An den Paulus-Exegesen des Marius Victorinus will Lohse zeigen, daß durch die lateinischen Kirchenväter in der 2. Hälfte des 4. Jh.s der Heidenapostel wiederentdeckt wurde (83 f.). A. von Harnack nennt ihn einen "Augustinus ante Augustinum" (87). Die Rollenverteilung zwischen "Kaiser und Papst im Donatistenstreit" deutet für Lohse schon im 4. Jh., also sehr früh, die späteren "Beziehungen zwischen Staat und Kirche", ja auch "der Bischöfe zum Papst" in Zusammenhang damit, an (147). Der römische Primatsanspruch wurde gestärkt, "wie andererseits der verstärkte Primat der katholischen Kirche gegen mögliche Eingriffe des Staates zu schützen schien" (148).
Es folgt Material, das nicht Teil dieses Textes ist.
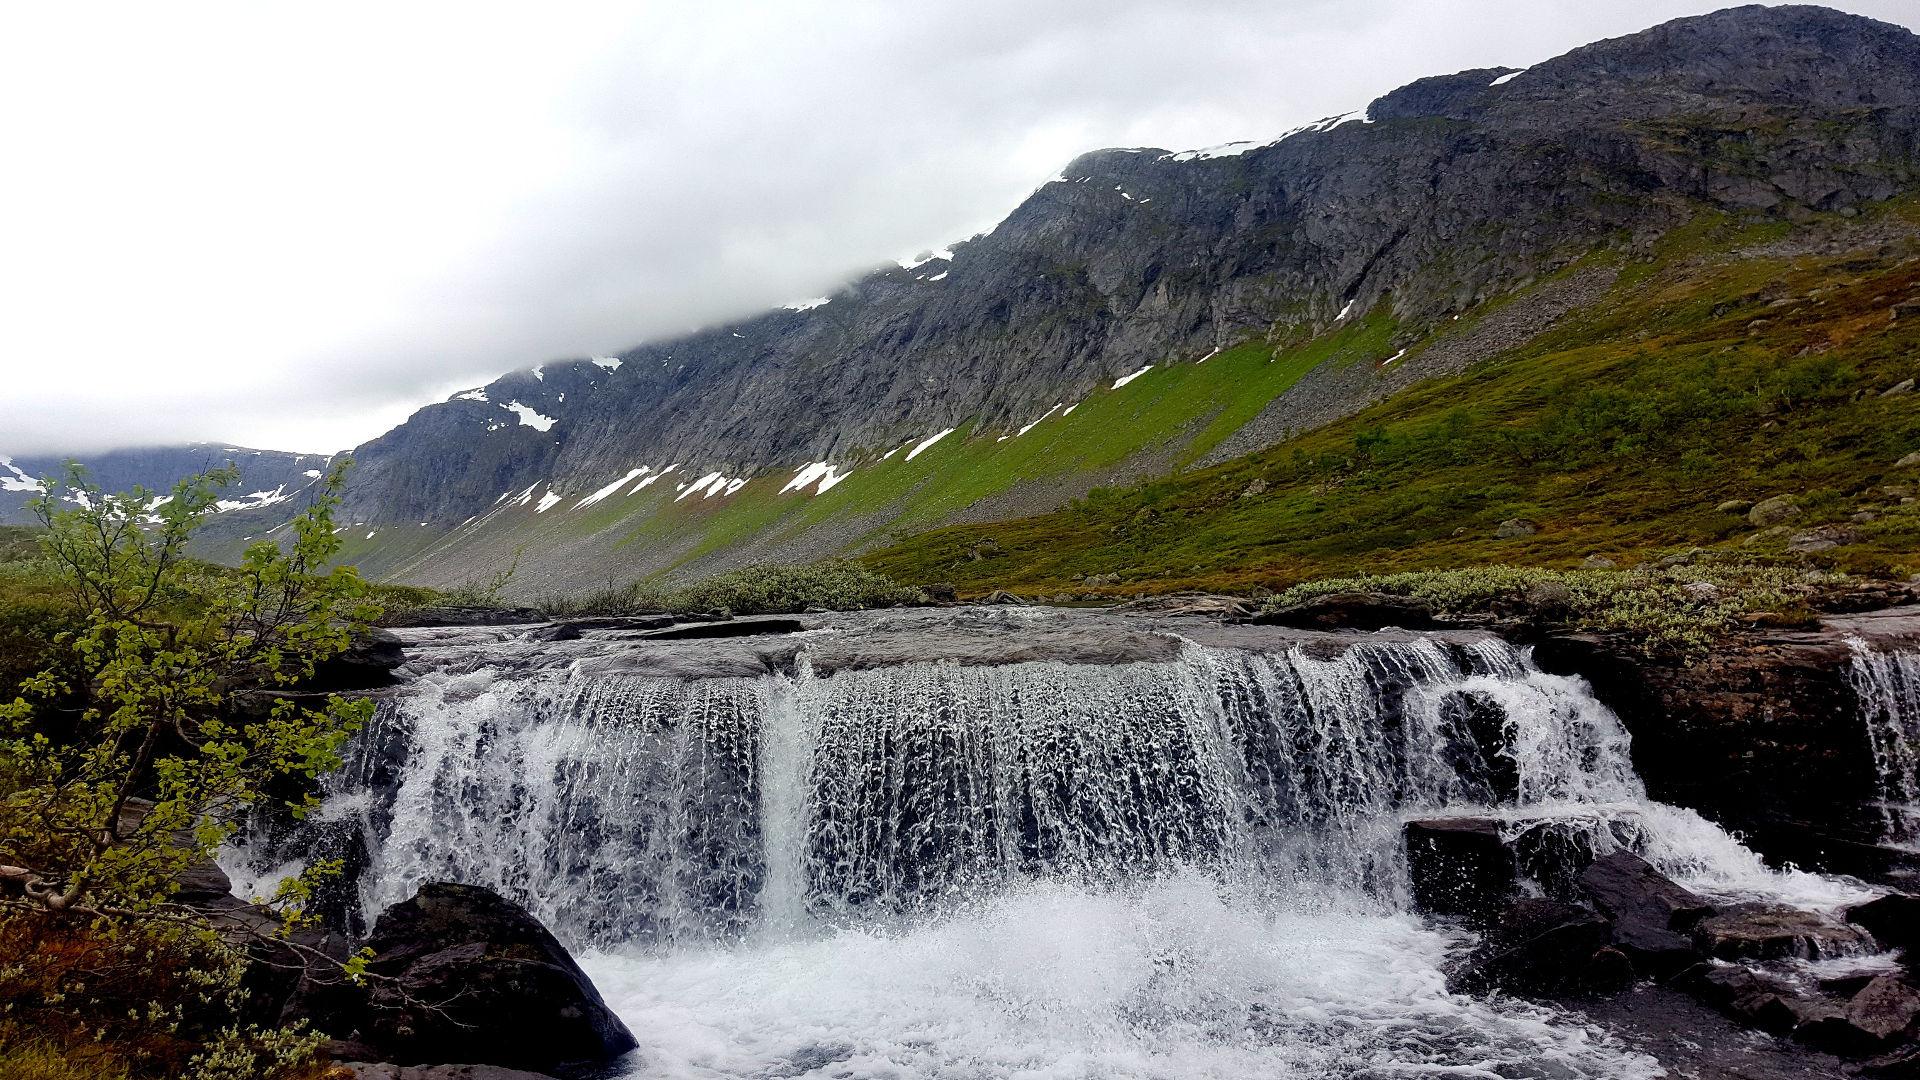 Vakre Vassdalen. Blir aldri lei av dette landskapet. Fotograf: Mira Sæther.

Drei Aufsätze sind dem großen Kirchenvater des Abendlandes Augustin gewidmet, dessen Einfluß auf Luthers Frühtheologie Lohse in allen seinen einschlägigen Arbeiten als am nachhaltigsten innerhalb der theologischen Tradition schildert (dazu im Band 1 von "Evangelium in der Geschichte" die Seiten 11-30). Augustins "Engellehre" ist, so stellt Lohse fest, "von großer Bedeutung für die Lehre von der Erlösung" (116). Prädestinationslehre und Angelologie gehören bei Augustin "auf das engste zusammen" und werden auch mit "der himmlischen civitas" in Verbindung gebracht und gehören somit in das Zentrum der Theologie des Kirchenvaters. - Ein weiterer Augustin gewidmeter Beitrag exegesiert eine seiner wirkungskräftigsten Schriften, nämlich "De civitate Dei". Hier wendet sich Lohse speziell der Eschatologie zu. Die "Bezeichnung der Kirche als regnum Christi" soll nach Lohses Arbeitsergebnis "den Blick für die eschatologische Dimension der Kirche" öffnen (135). Dieser Beitrag zur Ekklesiologie gipfelt in dem Satz: "Ausgangspunkt ist also die ecclesia, Zielpunkt ihre Vollendung in der Ewigkeit." Augustins vielverhandelte civita-Lehre schließt, wie in einem weiteren Aufsatz ersichtlich, die "Beurteilung des Staates" ein (149.174). Lohse untersucht die Abhängigkeit von einigen Vor-Denkern, besonders von Ambrosius, dem Mailänder Lehrer.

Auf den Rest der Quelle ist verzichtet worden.